Pereant, qui ante nos nostra dixerunt!
| [reply] [d/l] [select] |
Re: Extracting names from string
by Tanktalus (Canon) on Feb 08, 2005 at 16:07 UTC
|
You would use regular expressions. (Please read this as: you didn't provide your attempts, just your restrictions. As far as we can tell, this is a homework assignment.)

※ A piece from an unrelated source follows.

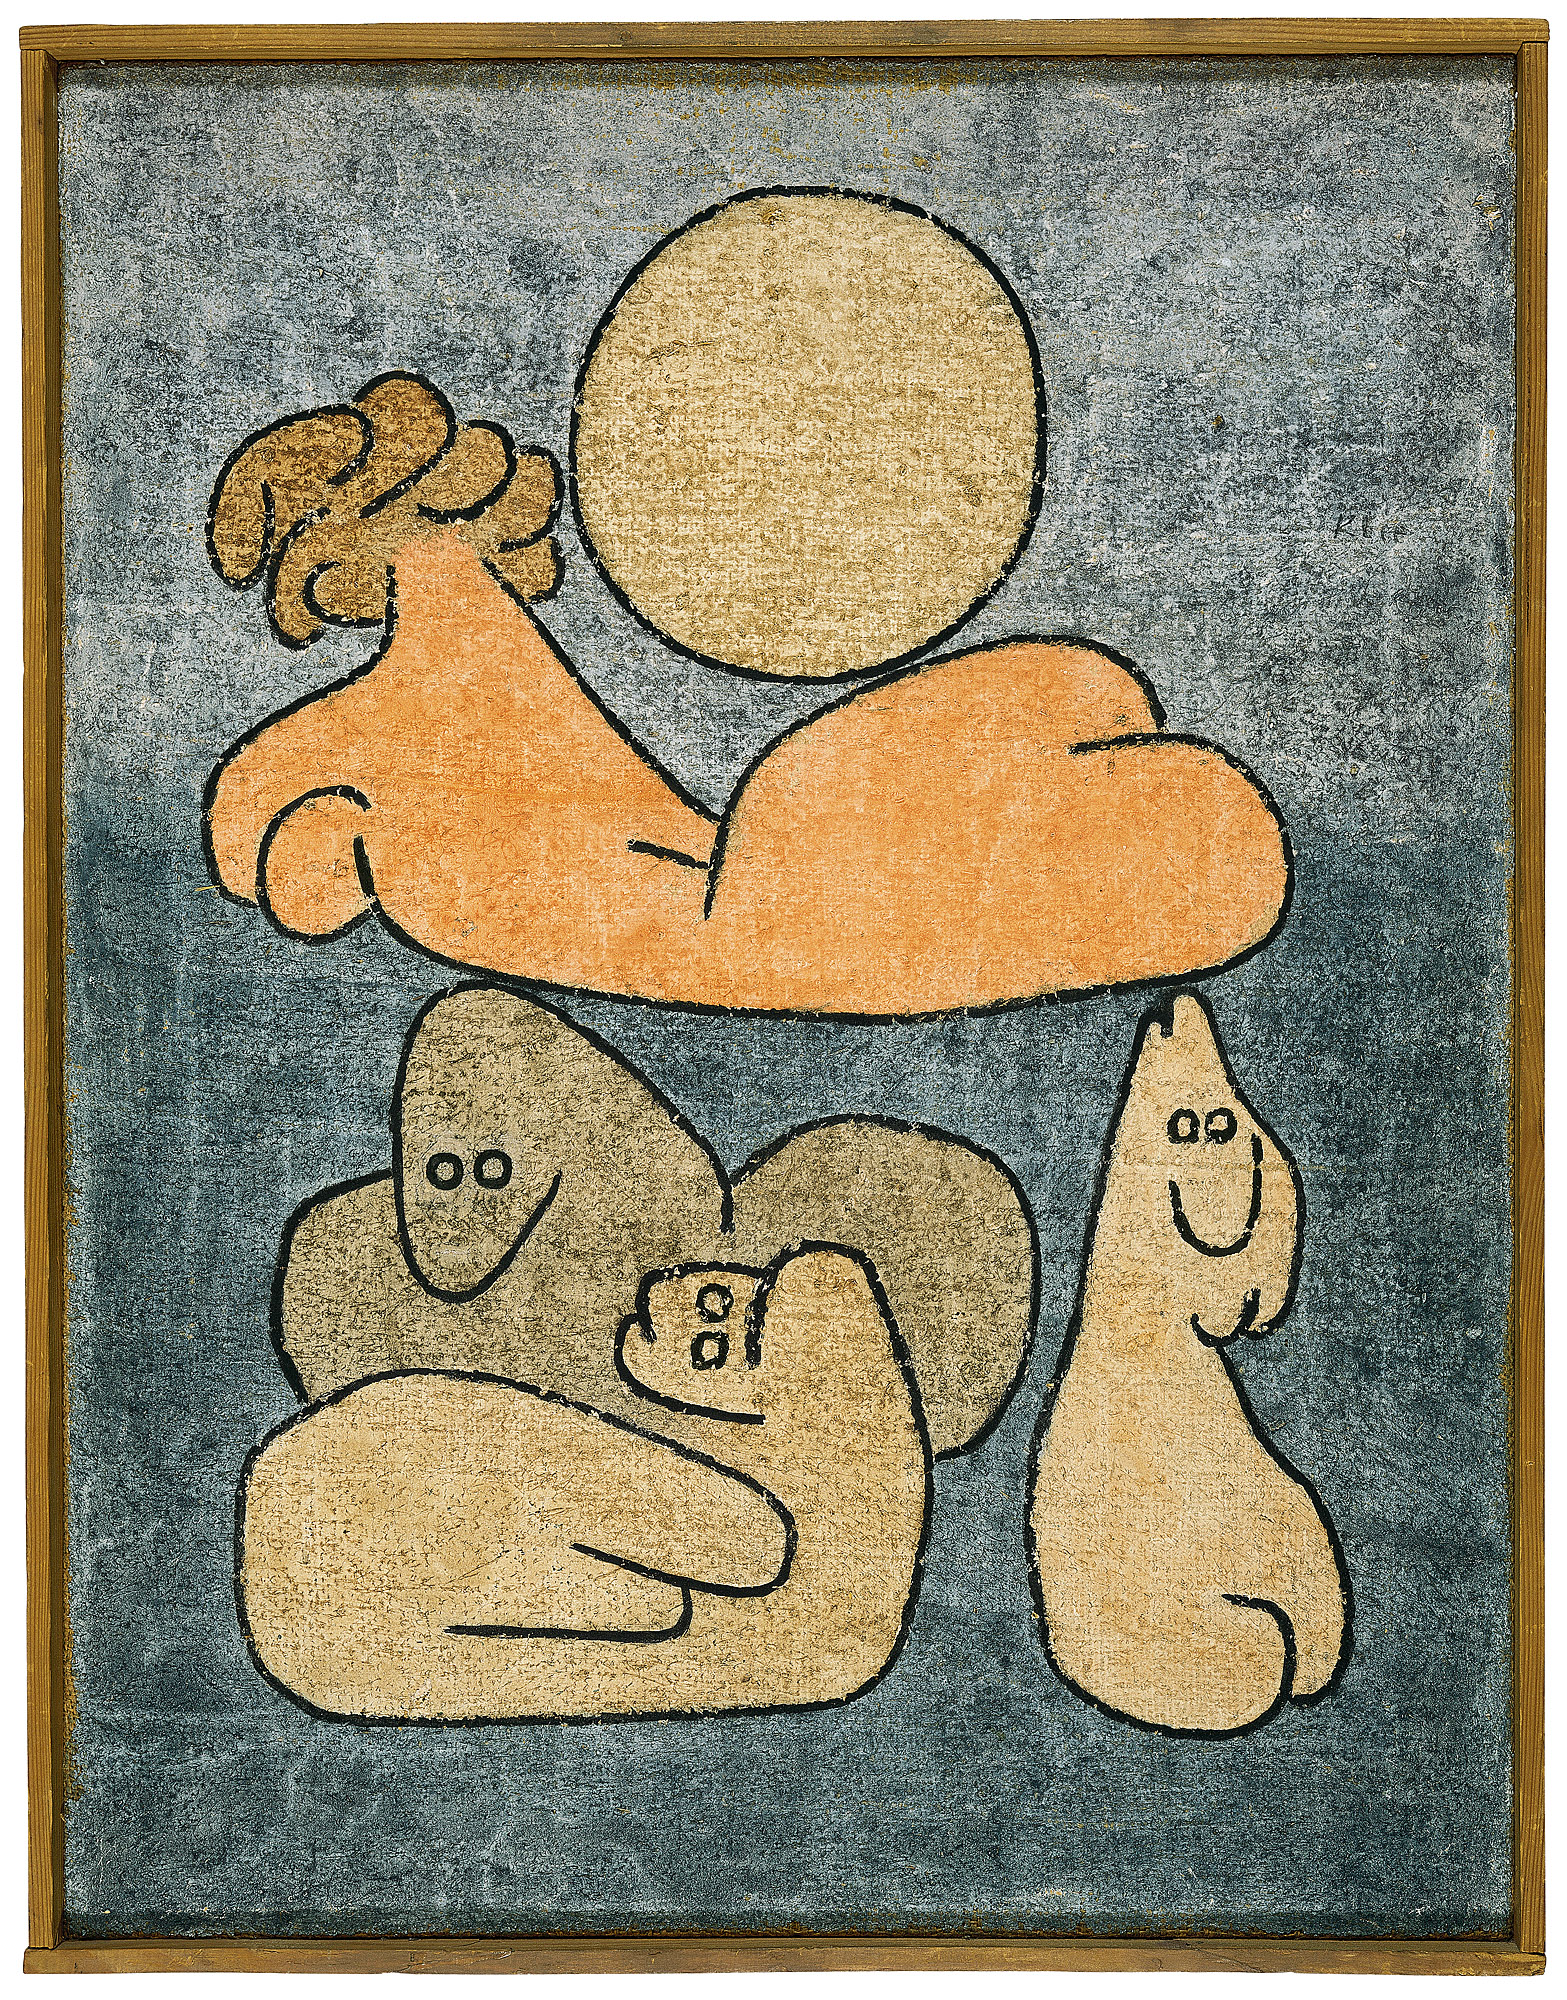 پیکره و خانواده (در ماه کامل) by Paul Klee - 1939 میلادی - 65 x 50 سانتی متر

$string =~ m:|(\w+)\.(\w+):;
$extracted = "$2 $1";
(No, that's not quite what you're after, but it should be close enough that you can work from here - if you have more problems, please come back.) | [reply] [d/l] |
Re: Extracting names from string
by Anonymous Monk on Feb 08, 2005 at 16:08 UTC
|
You mean, you want to extract the part between the slash and the pipe?
I'd do it this way:
my($name) = $string =~ m!/([^|]+)\|!/;
| [reply] [d/l] |
Re: Extracting names from string
by dimar (Curate) on Feb 08, 2005 at 16:08 UTC
|
$string = "s005219/Doe John|John.Doe\\";
@array = split/[^\w\s\.]+/, $string;
print join "--",@array;
Assumptions:
You care about separating the strings on delimiters.

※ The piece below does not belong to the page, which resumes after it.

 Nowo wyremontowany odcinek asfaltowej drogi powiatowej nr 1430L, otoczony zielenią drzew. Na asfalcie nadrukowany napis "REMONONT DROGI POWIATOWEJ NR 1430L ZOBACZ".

Anything that isn't a space, alphanumeric, underscore, or period is a delimiter.
How to get "Doe John" out of the array is left as an exercise for the reader. | [reply] [d/l] |
|
|
The trouble is, names can contain other things than spaces and alphanumerics (as defined by your locale).
Hyphens, for example. Apostrophes. Accented characters.
Best to split on what you know (the slash and the pipe) than what you can only guess at.
dave
| [reply] |
|
|
A valid consideration. In fact you will notice I added the 'dot' (in addition to alphanumerics) simply because one was in the sample provided by the OP. The (simplifying) assumptions I enumerated were guesstimates.
If we *really* wanted to be precise, we'd want both a spec and input validation (to know what flavor of xSV we were dealing with here, and to ensure user-data was 'scrubbed' before ever getting into the file/database/whatever to begin with)
(for example, what happens in the alien case where you get a user who has a pipe or a slash in their name ... hmm ... isn't *slash* the name of some rock band dude ... I digress).
You should know exactly what character sequences are in your delimiter-space, and what characters are in your message-space, and the two sets should be both finite and orthogonal.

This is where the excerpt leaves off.